*DATASET SECTION:*
● ● ● ● ●

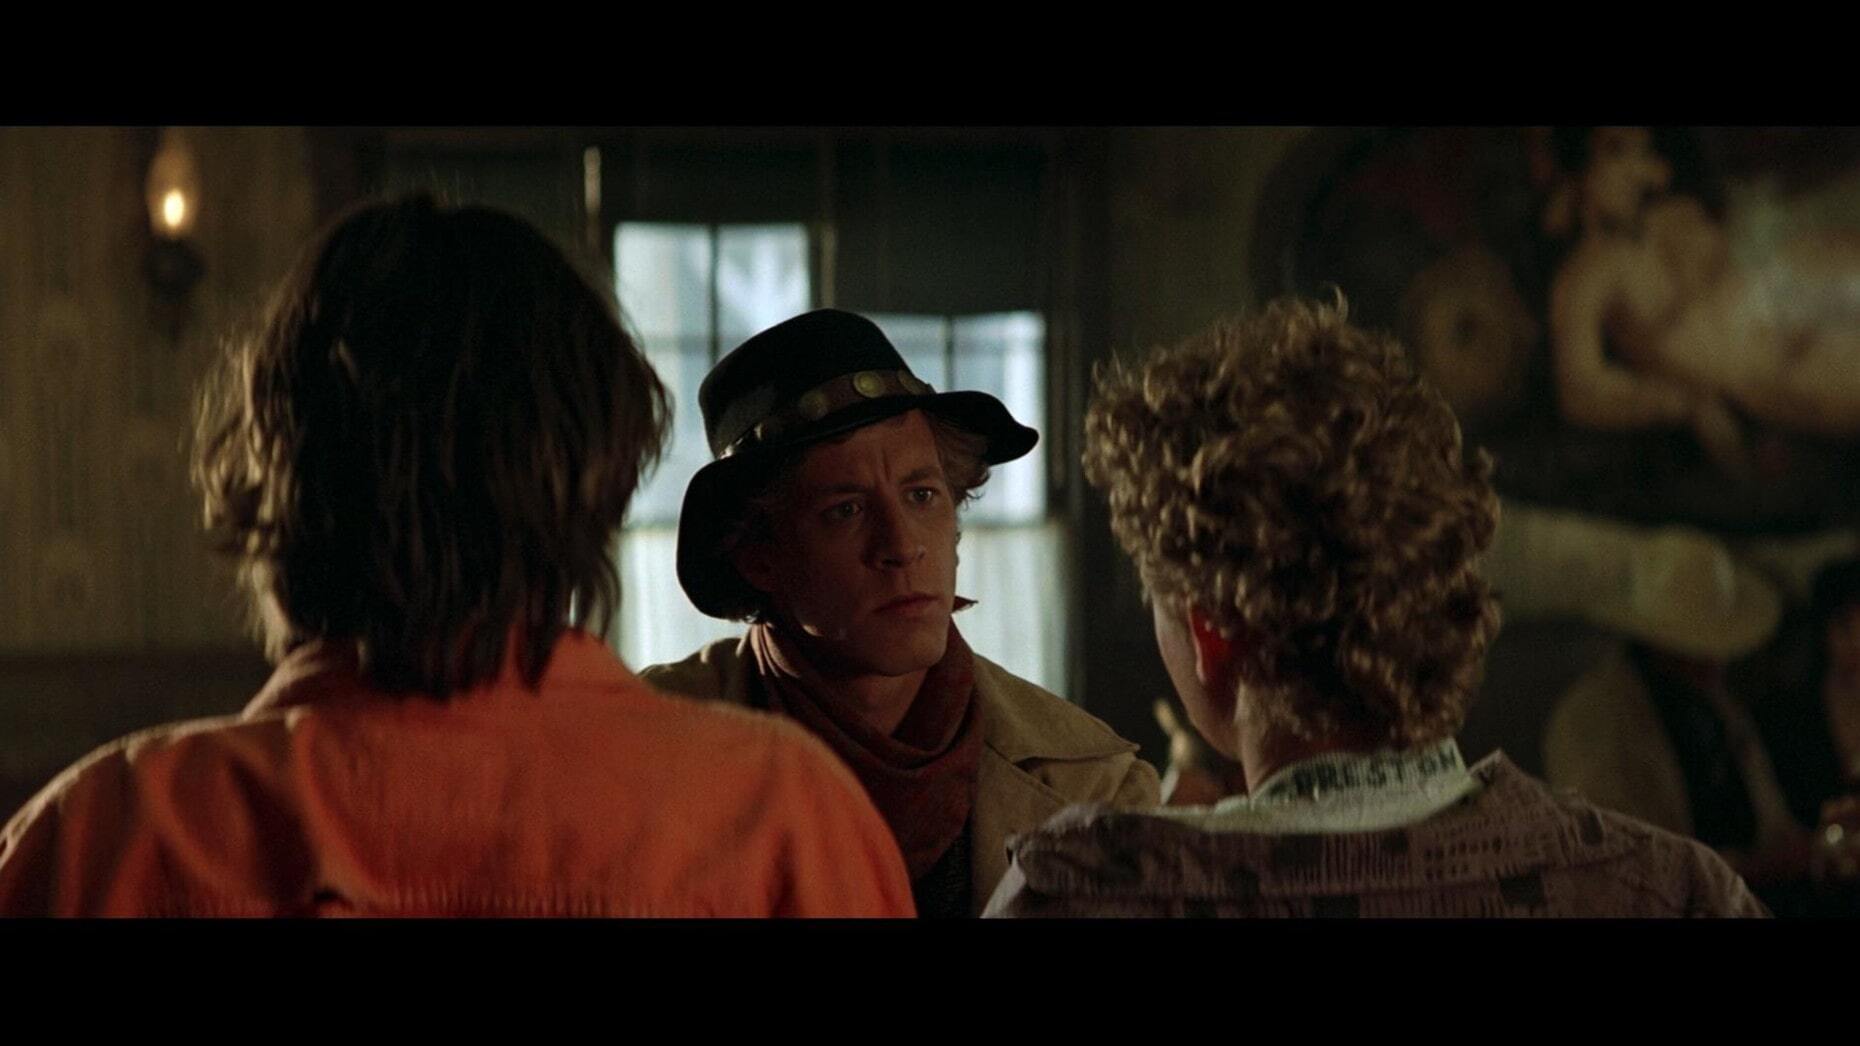 <p>Easily the funniest appearance of the character of Billy the Kid comes in the 1989 sci-fi comedy <a href="https://www.imdb.com/title/tt0096928/?ref_=nv_sr_srsg_0"><em>Bill & Ted's Excellent Adventure</em></a><em>. </em>The titular characters travel through time to <a href="https://www.youtube.com/watch?v=E3g8Unc-oe4" title="https://www.youtube.com/watch?v=E3g8Unc-oe4">gather historical figures</a> for their high school history presentation, including Billy the Kid—played by <a href="https://www.imdb.com/name/nm0794890/?ref_=tt_cl_t_5" title="https://www.imdb.com/name/nm0794890/?ref_=tt_cl_t_5">Dan Shor</a>—who helps them on their quest through the past and future.</p>
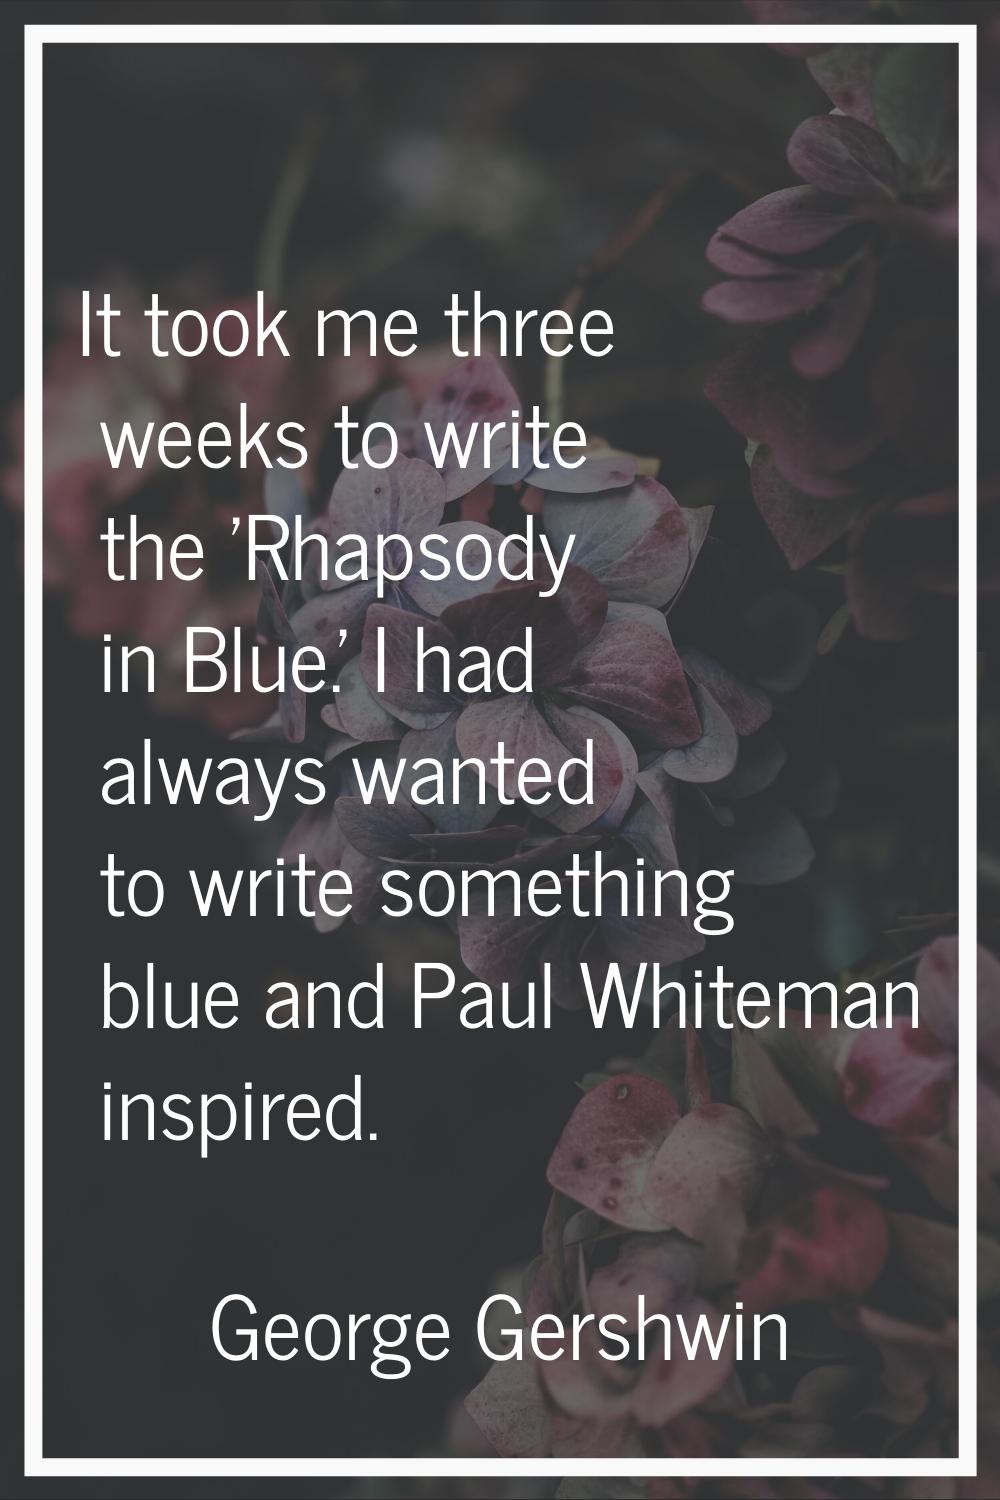 It took me three weeks to write the 'Rhapsody in Blue.' I had always wanted to write something blue
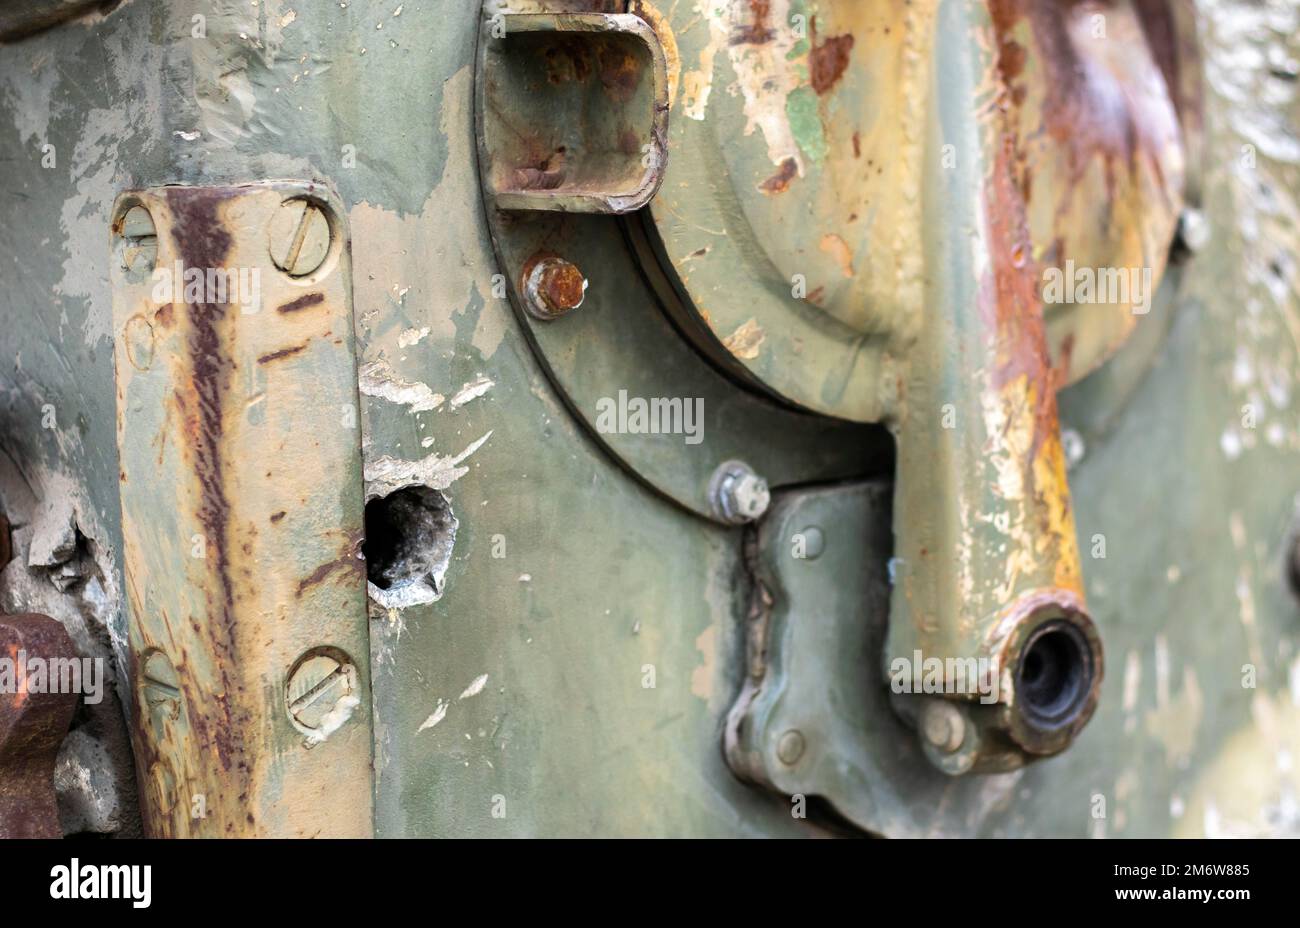 War in Ukraine, a hole in the armor of the BMP, pierced armor. Texture of green camouflage armored metal with damage and holes. Stock Photo

● ● ● ● ●

*EXERCISE GOAL:* Please return only the lines running from the line with "It took me three" to the final line of the data, both included, exactly and without any pictures.

*RESPONSE BOX:*
 It took me three weeks to write the 'Rhapsody in Blue.' I had always wanted to write something blue
 War in Ukraine, a hole in the armor of the BMP, pierced armor. Texture of green camouflage armored metal with damage and holes. Stock Photo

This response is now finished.